# Asked to produce proof of insurance but no record of it at station.



## dodi (27 Jun 2007)

Hi,
Was stopped by guard & asked to produce insurance & licence to local or the garda station in the area I was stopped. Have gone to both & neither have a note/record of van reg in book. They just told me to wait until I get a summons in the post!!! is this right, surely as I have gone to both stations & if they have no record is that not the end of it & not my problem???

Any advice welcom


----------



## zag (27 Jun 2007)

I've had the same experience, and judging from the number of posts about related issues here it seems a lot of others have too.

It just seems that there is no formal method (or if there is, then it isn't used much) for recording the fact that you were requested to present something at the station.

The result is that you turn up at the station and the big lad behind the counter makes you feel like you've done something stupid for doing what you were requested to do.  The net effect is that people lose confidence in and respect for the Gardai because of repeated instances of this type of thing.

I would have a lot more respect for the force if things were more clear cut - you don't have your details on the road as you are required to do and you get fined, you don't have your NCT etc . . . and you get fined.

z


----------



## Mr2 (27 Jun 2007)

I've had to produce a few times in my local Garda station. Our local has a book and weather or not your local has a note or not you have to get this book filled in and we get a piece of paper signed to say we were there.

The Guards behind the counter say to us that this way when the Guard that stoped you rings your local station they check the book and that's the end of it, if you havent been there and been entered in there book you will get a date for a court case.

I don't know what the hard and fast rule is but I've always produced and never got a date in court yet. Sometimes they are expecting me sometimes not. Once I left it to the very last day as I couldn't find my lience and went in and there was a note for me.

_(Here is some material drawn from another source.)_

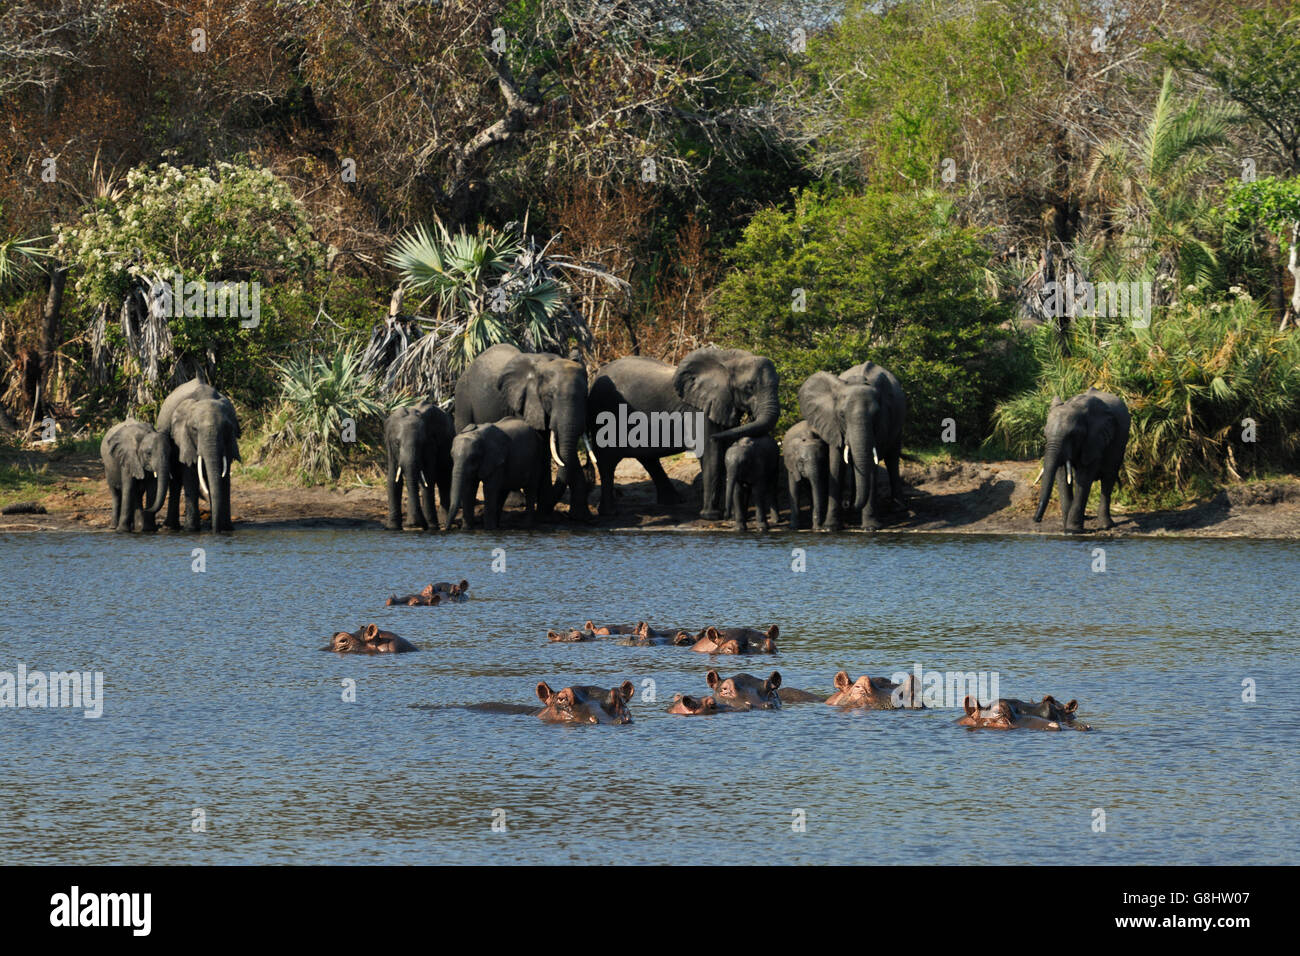 Elephants on river bank with hippos, Tembe Elephant Park, Maputaland, KwaZulu Natal, South Africa. Stock Photo

Maybe if you went in to early you could have been to early and it hasn't arrived yet.


----------



## Ravima (27 Jun 2007)

I would not wait for summons as you have a good chance of getting a fine for wasting time. You were asked to produce at your station and you must produce. The garda writes it into his book along with the date you presented. as other posters say, the 'stopping' garda phones the station that you nominated to check. If he checks and there is no note that you produced, then you are guilty of an offence and could get a fine. If you are conviced, you then have a criminal record.


----------



## csirl (28 Jun 2007)

Good idea to get the name of the Garda who stopped you when you are stopped. That way if there are any problems, you have a name and can call him/her or have the station call him/her to clarify matters. If you end up being summonsed to Court, you waste both your own and the Gardas time - cost 1/2 day work. Better to sort it out at station and make sure Garda who stopped you is aware that you did present at the station.


----------



## fobs (28 Jun 2007)

My husband had the same thing happen to him producced his details at the station as requested (luckily got written confirmation to say the same) and still got a summons. Because he had the written confirmation the case was thrown out. I would get the local station to give this confirmation in writing to you that you produced the documents as requested.


----------